Ask HN: Who's hiring Summer interns? (January 2011) - rgbrgb

And who wants to hire me?
======
philfreo
SAN FRANCISCO, CA - (on-site only, we can help relocate)

Quizlet (<http://quizlet.com/>) - creating a better way to study, over 1
million users, great JavaScript games, voice recognition, text-to-speech audio

Check out jobs page for real-time stream of what people are studying:
<http://quizlet.com/jobs/>

Looking for: great back-end (PHP5, Memcached, MySQL) and front-end
(JavaScript/Ajax) developers who want to work on products to help making
studying better for 3 million people/month.

------
jplewicke
Boston, MA (not remote)

MDT Advisers - We're a small quant investing shop working with machine
learning, financial analysis, and the hardest dataset in the world.
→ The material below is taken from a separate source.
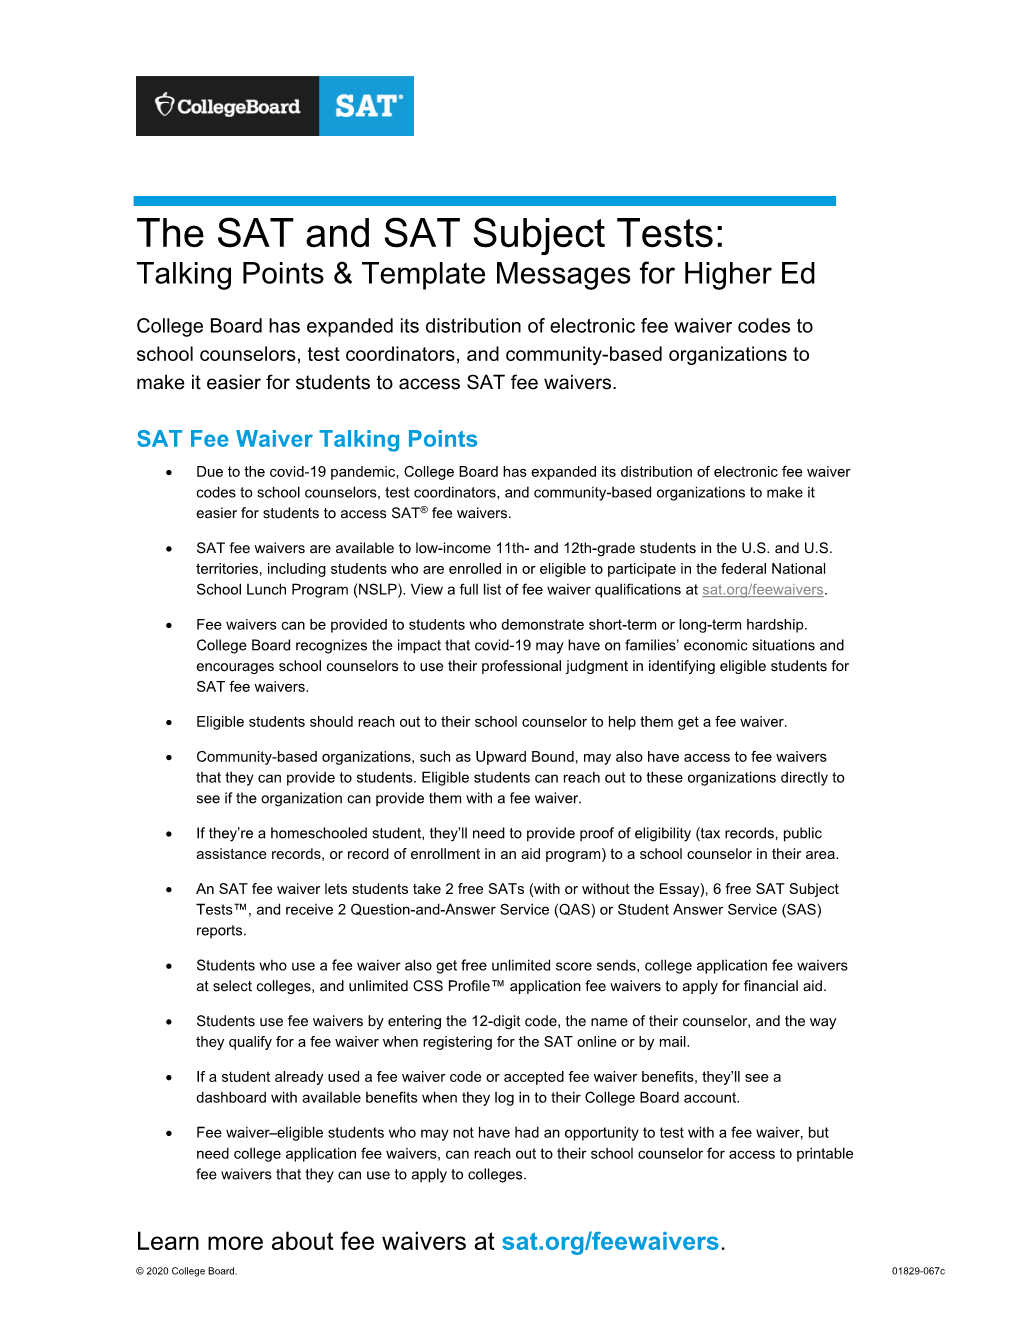 The SAT and SAT Subject Tests: Talking Points & Template

We have an
internship that is similar to our full-time analyst position:
<http://www.mdtadvisers.com/careers/qea.jsp> , but that isn't on our website.

You can email me at jlewicke@mdtadvisers.com with any questions you have.

------
bmm6o
We're looking for interns. In addition to what's listed on our site, we're
putting together an intern team to build an android app (starting from
scratch, though it will be similar to an existing iPhone app). We can provide
housing if you don't live in Southern California.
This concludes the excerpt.